MORGANTOWN, W.Va. — Over the course of the next year, executives with the new company that will be formed from the merger between Mylan and Upjohn, a division of Pfizer, will be tasked with trying to reposition the company in a dynamic market that is facing a number of pressures.

Meanwhile, at least one elected official in Monongalia County does not want to just sit and wait for a decision on the future of Mylan’s current manufacturing plant near Morgantown.

“We are going to go on the assertive, be aggressive, promote West Virginia and promote how Mylan is so important to our community,” Monongalia County Commission President Tom Bloom said on WAJR’s Talk of the Town with Dave & Sarah on Tuesday.

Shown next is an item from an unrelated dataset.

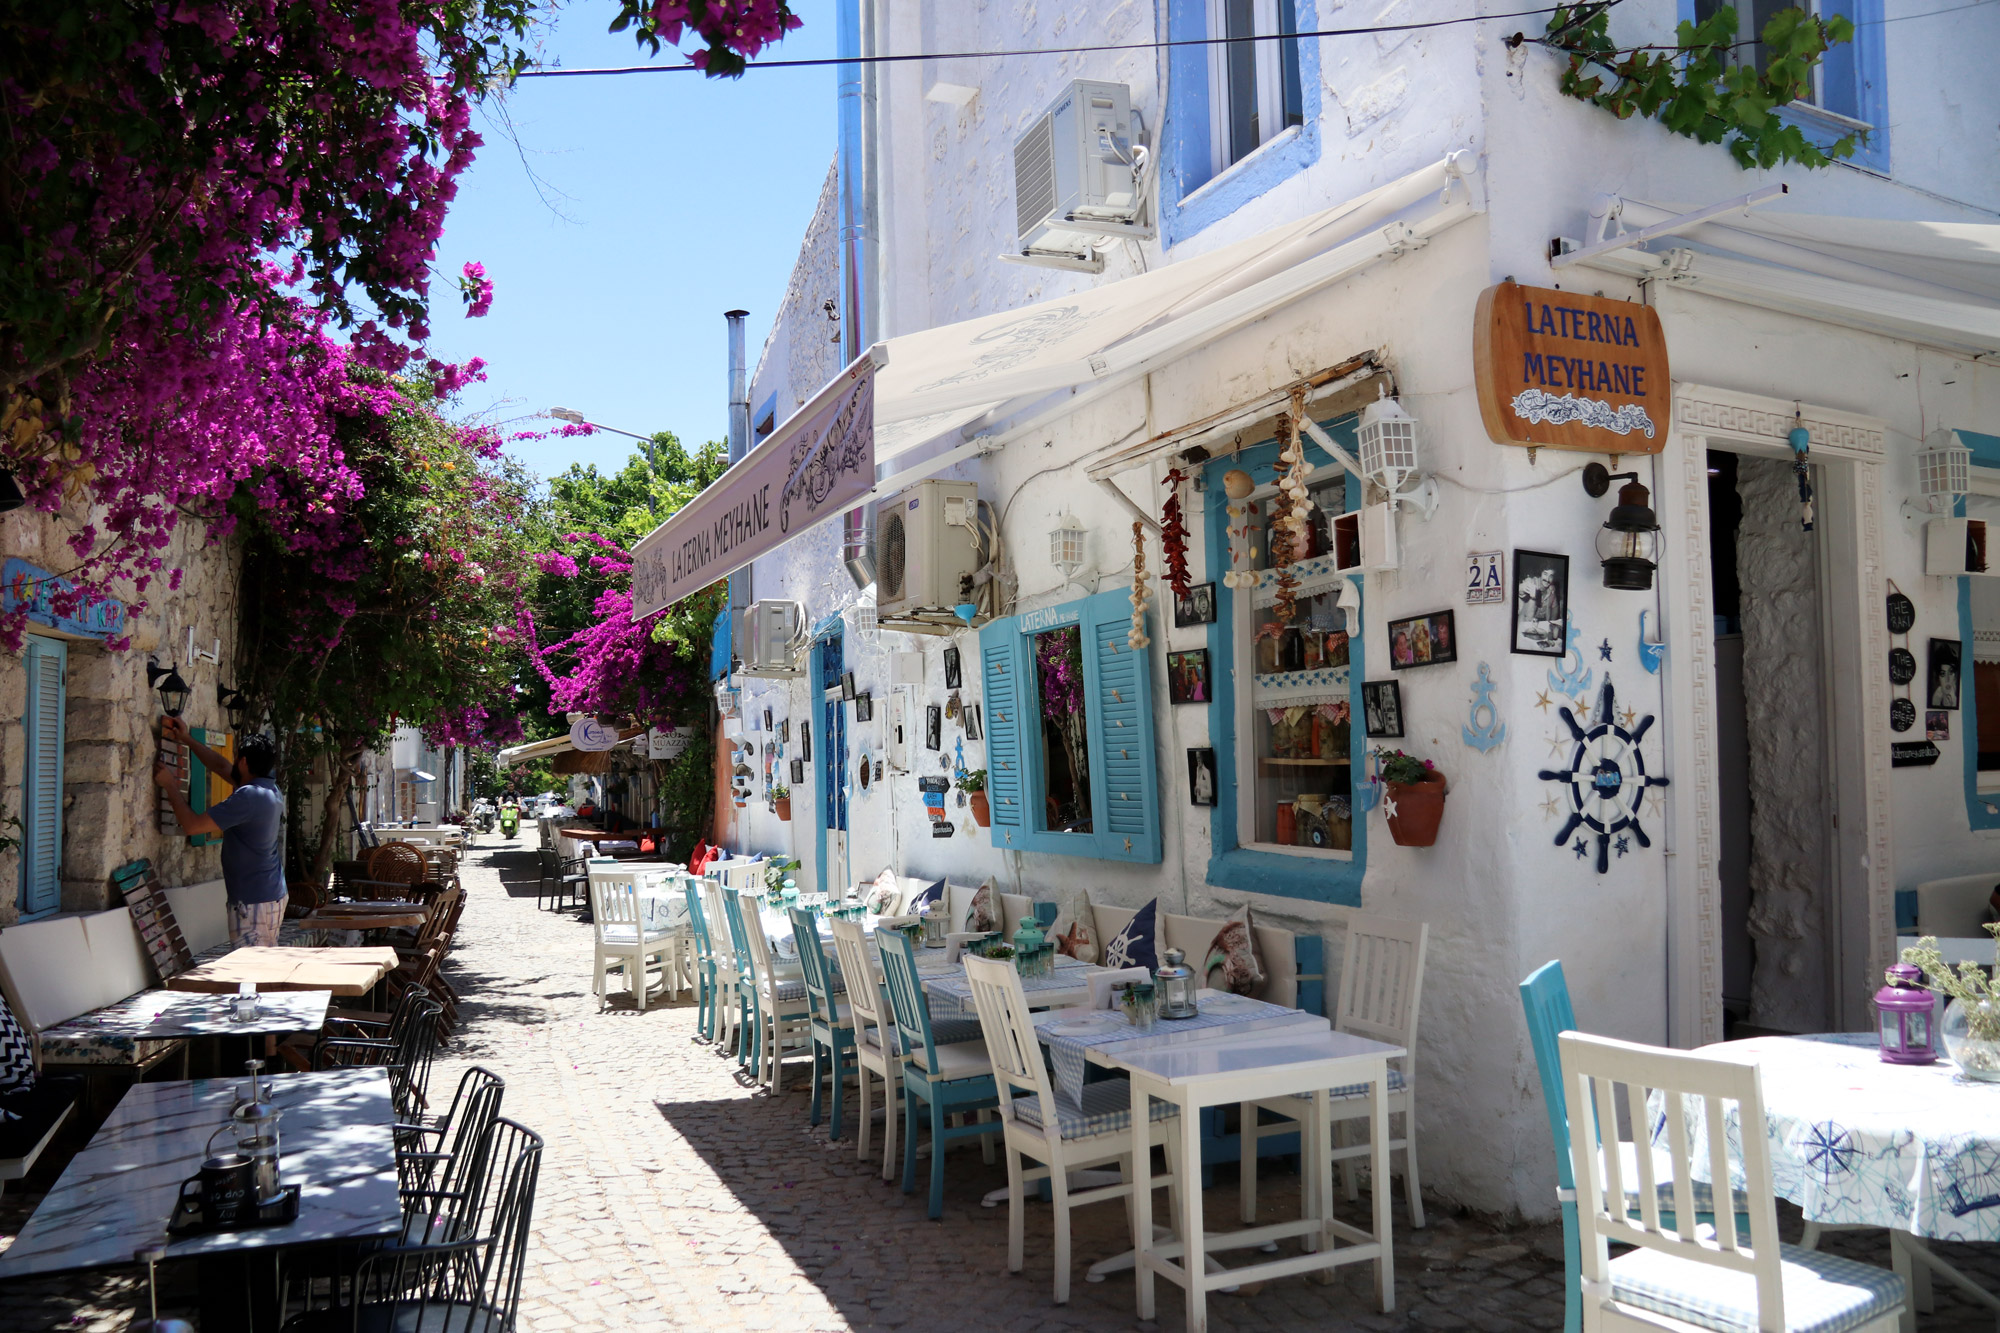 turkije reisverslag laatste dag in alacat
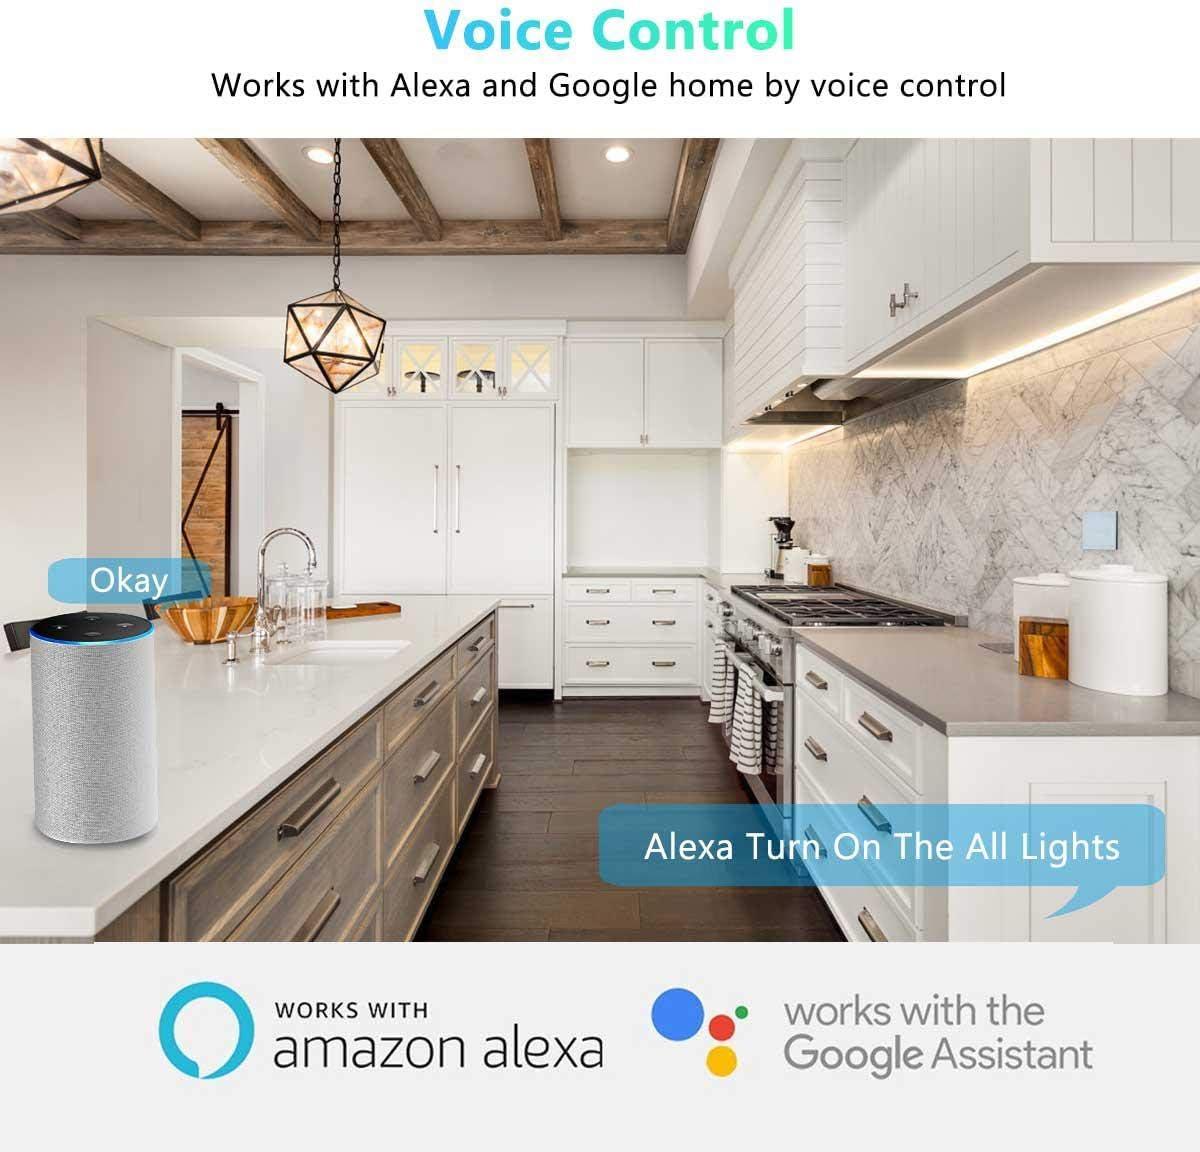 WiFi Smart Switch,Control Remoto inalámbrico Módulo de Interruptor inteligente con Timers Compatible con Alexa Echo Google Home IFTTT Google Nest,teléfono APP para iOS Android: Amazon.es: Hogar

The newly formed company — now being referred to as Newco — that results from the merger is expected to generate about $19 billion to $20 billion in revenue, with $1 billion in cost savings by pooling resources and trimming redundancies by 2023. Those synergies have some in the area anxious about the future of the Mylan plant and the jobs of about 900 union and 200 non-union employees.

United Steelworkers Local 8-957 represents about 900 employees at Mylan’s Morgantown plant. The Dominion Post aked what effects the Mylan-Upjohn merger might have in Morgantown, and President Joe Gouzd reiterated Tuesday morning what the union said on Monday: They don’t have enough information to comment at this point and they’re waiting to learn more.

But, Bloom is optimistic about the future.

“They want to stay in the county and the CEO will be housed out of Pittsburgh, so that is a great sign for us,” Bloom said.

The new company will be led by current Mylan Chairman Robert Coury, who will serve as the executive chairman, and Michael Goettler, current group president of Upjohn, will serve as the CEO.
The board of directors will include eight members designated by Mylan and three members by Pfizer, plus an executive chairman and CEO for a total of 13.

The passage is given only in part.